Specifications at a Glance
Every figure below is pulled straight from the live product record for this exact tank — the same data on the product page, so what you read here and what you buy never disagree.
Standards & Materials
- ASTM D1998 — Standard Specification for Polyethylene Upright Storage Tanks. Governs wall-thickness and hydrostatic design for vertical rotomolded poly tanks of this class.
- FDA 21 CFR 177.1520 — Olefin polymers. The food-contact regulation the FDA-grade resin in this tank is compounded to meet.
- Specific gravity rating 1.5 — the tank is engineered for liquids up to 1.5× the density of water (water is about 8.34 lb/gal). Confirm your fluid’s SG before storage.
Product Overview
At nearly 5,000 gallons this is bulk storage, and its proportions reflect that mission.

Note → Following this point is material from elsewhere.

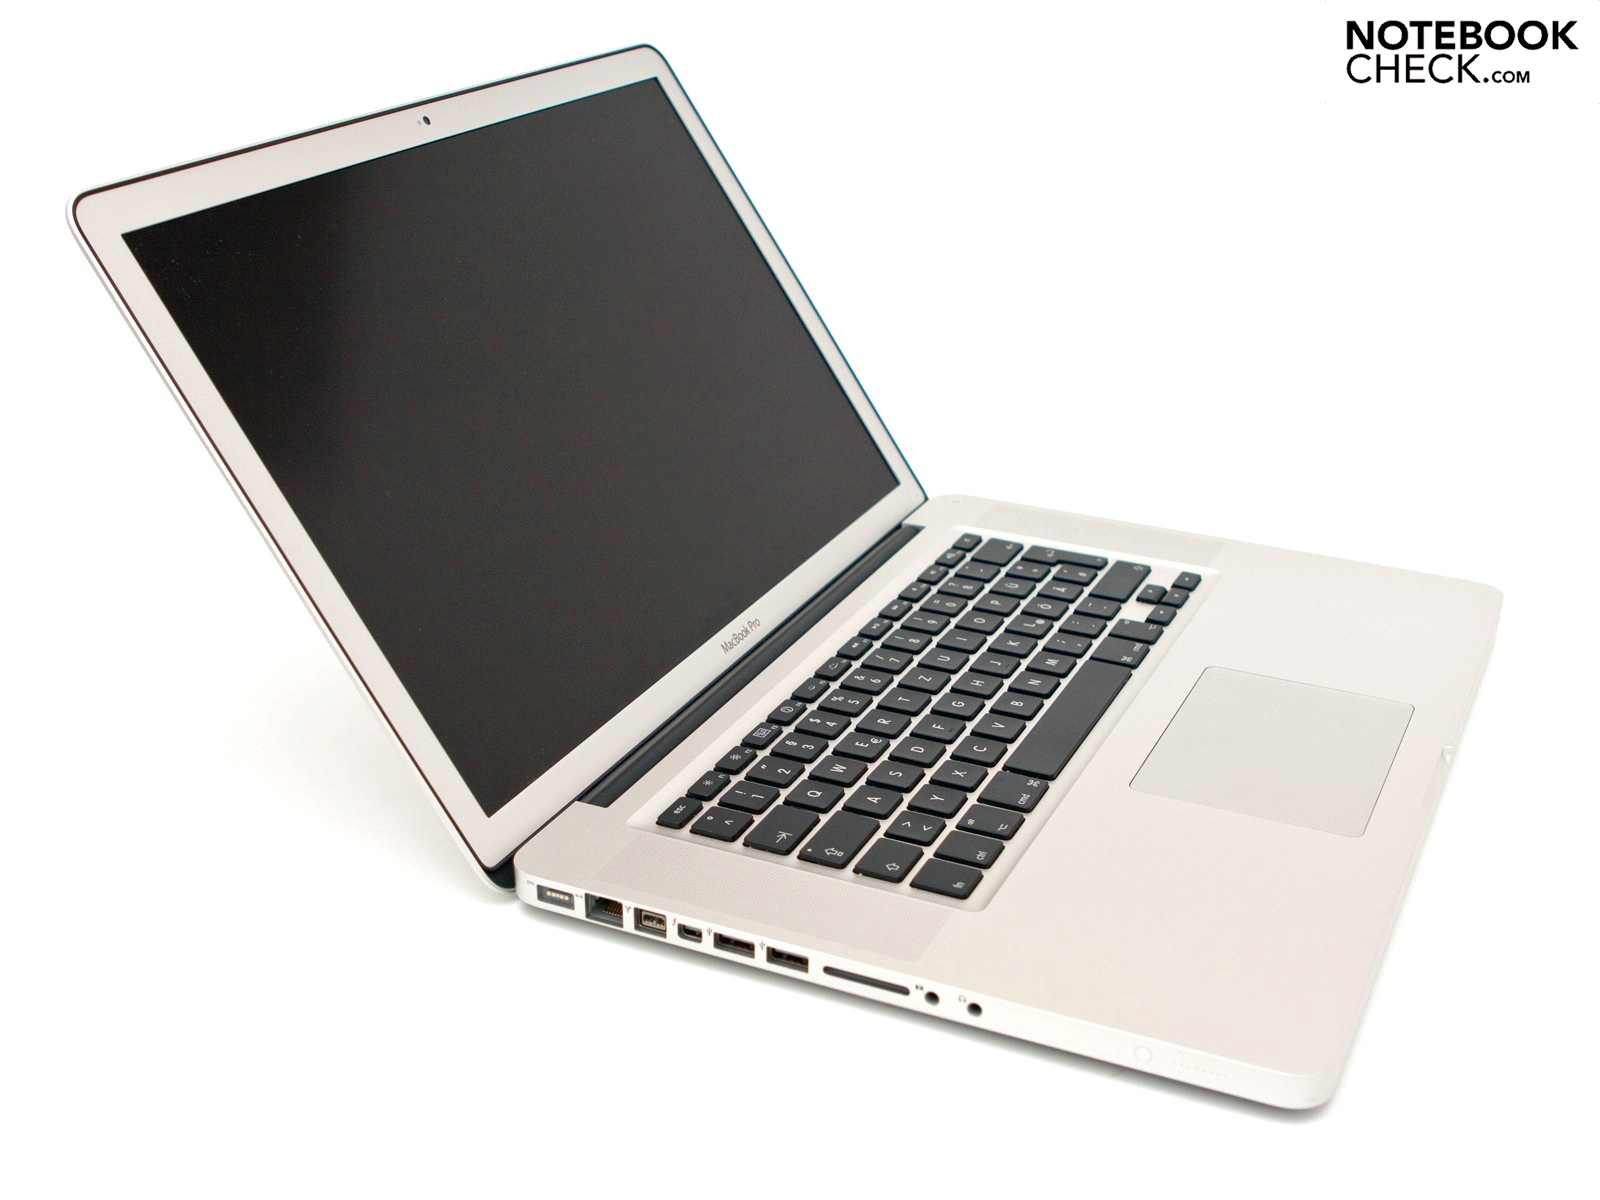 MacBook Pro 2011 late 15-inch

Rather than reaching for height, the tank spreads wide: 142 inches across on an 89-inch-tall body. That low, broad stance keeps the center of gravity down, spreads the immense full weight over a large footprint, and makes the tank inherently stable — the engineering opposite of the slender column tanks. For a chemical yard, a fertilizer dealer, or an industrial site with floor area to spare, this is the geometry that handles five thousand gallons gracefully.
It's built the Norwesco way: one rotomolded piece of virgin linear polyethylene, no seam or weld anywhere, rated to a 1.5 specific gravity. That rating means the wall carries liquids up to 12.5 pounds per gallon, which at this volume is a critical number — a full 4,995 gallons of 1.5-SG product is an enormous mass, and the wide-body construction is engineered to hold it. The wide base actually moderates the hydrostatic head compared to a tall tank of similar volume, because the liquid column is shorter; the load is distributed rather than concentrated.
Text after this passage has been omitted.